Agreement to include building nuclear power plant 'for peaceful purposes,' helping develop water desalination capacity, joint research and technical projects and training Libyan technicians in the United States, North African country’s official news agency reports

The United States will help Libya generate nuclear electricity, the North African country said on Monday, in an announcement appearing to herald a further improvement in ties with the West.

 

There was no immediate comment from Washington, which has been repairing ties with Libyan leader Muammar Gaddafi since he began a series of moves in 2003 aimed at ending decades of international isolation for his oil and gas exporting country.

 

Libya's official Jana news agency said an agreement between the two countries would be signed shortly.

 

It would include building a nuclear power plant, helping develop water desalination capacity, joint research and technical projects and training Libyan technicians in the United States.

 

"The General People's Committee authorized on Sunday the General People's Committee for Liaison and International Cooperation to sign the agreement related to Libyan-American cooperation in the peaceful use of nuclear energy," Jana said, referring to Libya's equivalent of a cabinet and foreign ministry respectively.

 

'Wasteful era'

In 2003 Libya promised to give up nuclear, chemical and biological weapons, but Gaddafi said at the time that he still hoped to develop a nuclear program for peaceful purposes.

 

Washington has voiced hopes that Iran and North Korea will follow Libya's example.

 

But on March 3 Gaddafi renewed a recent complaint that Western countries had failed to properly compensate Libya for scrapping its nuclear arms program and as a result countries like Iran and North Korea would not follow his lead.

 

Libya in 2003 ended years of international estrangement by accepting responsibility and starting to pay compensation for the bombing of airliners over Scotland and Niger in 1988 and 1989.

 

The US government said in May 2006 it would restore formal ties with Libya and take it off the list of countries deemed state sponsors of terrorism.

 

Gaddafi said last year the era in which Libya had helped "revolutionary" groups overseas was over since it was wasteful.
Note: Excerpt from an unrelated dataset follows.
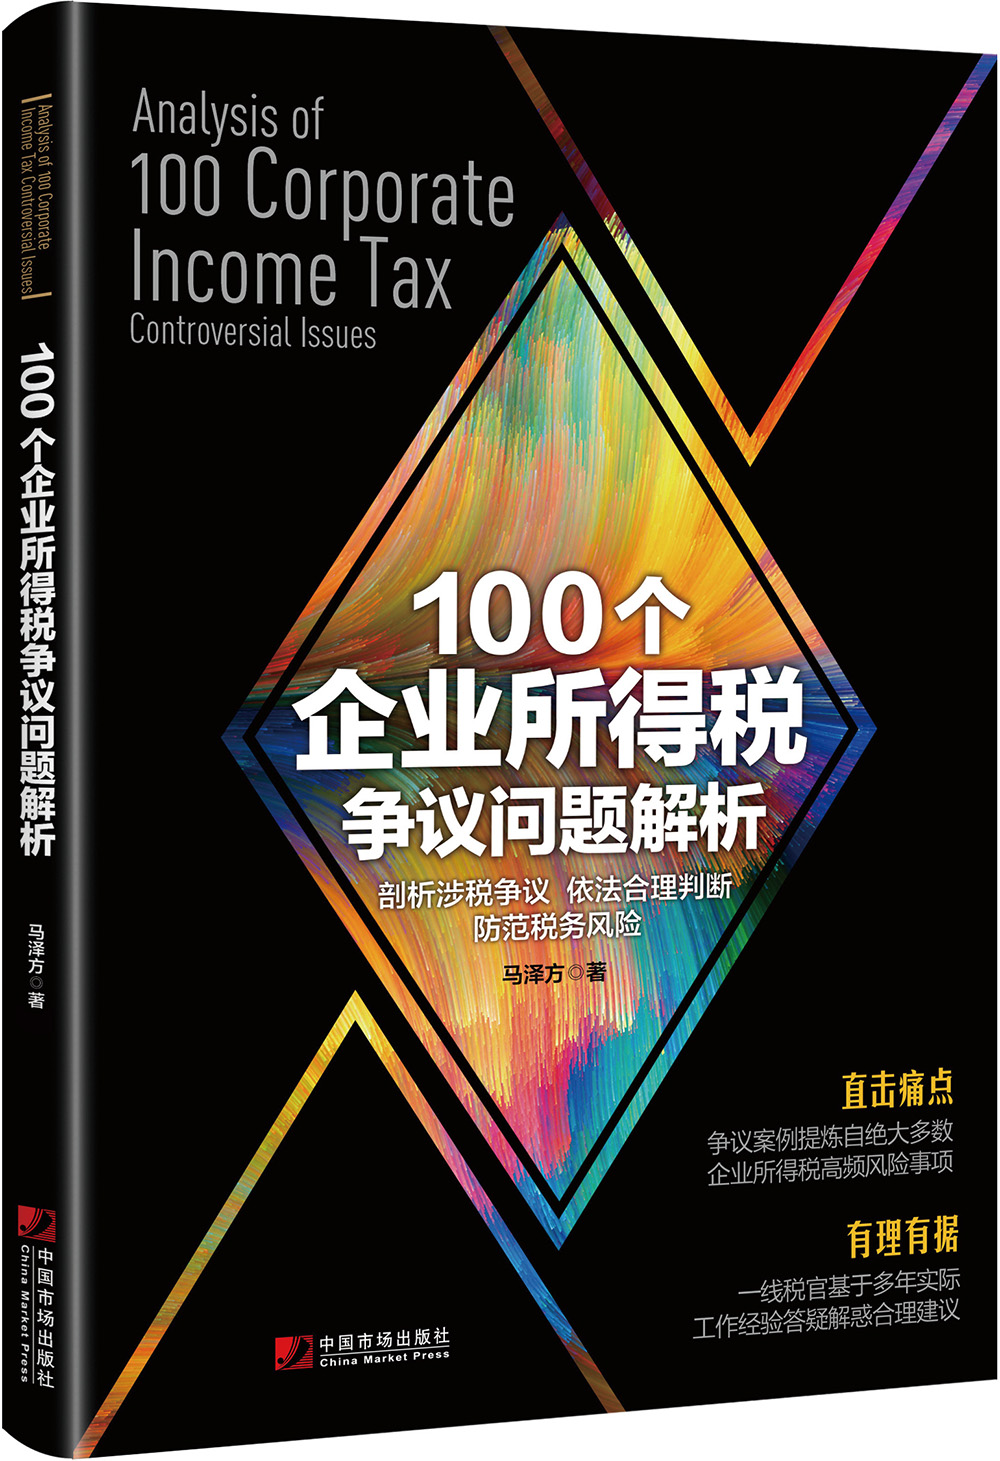 哪里可以看到京东财政税收商品的历史价格|财政税收价格历史

Gaddafi also said Libya had come close to building a nuclear bomb in its weapons of mass destruction program.

 

Fears over finite oil and gas supplies and climate change have pushed nuclear power into the limelight as a way of producing energy and cutting emissions of carbon dioxide, blamed for global warming.

 

Libya has proven oil reserves of 39 billion barrels, enough for 60 years at current production rates. Its largely unexploited gas reserves are estimated at 53 trillion cubic feet.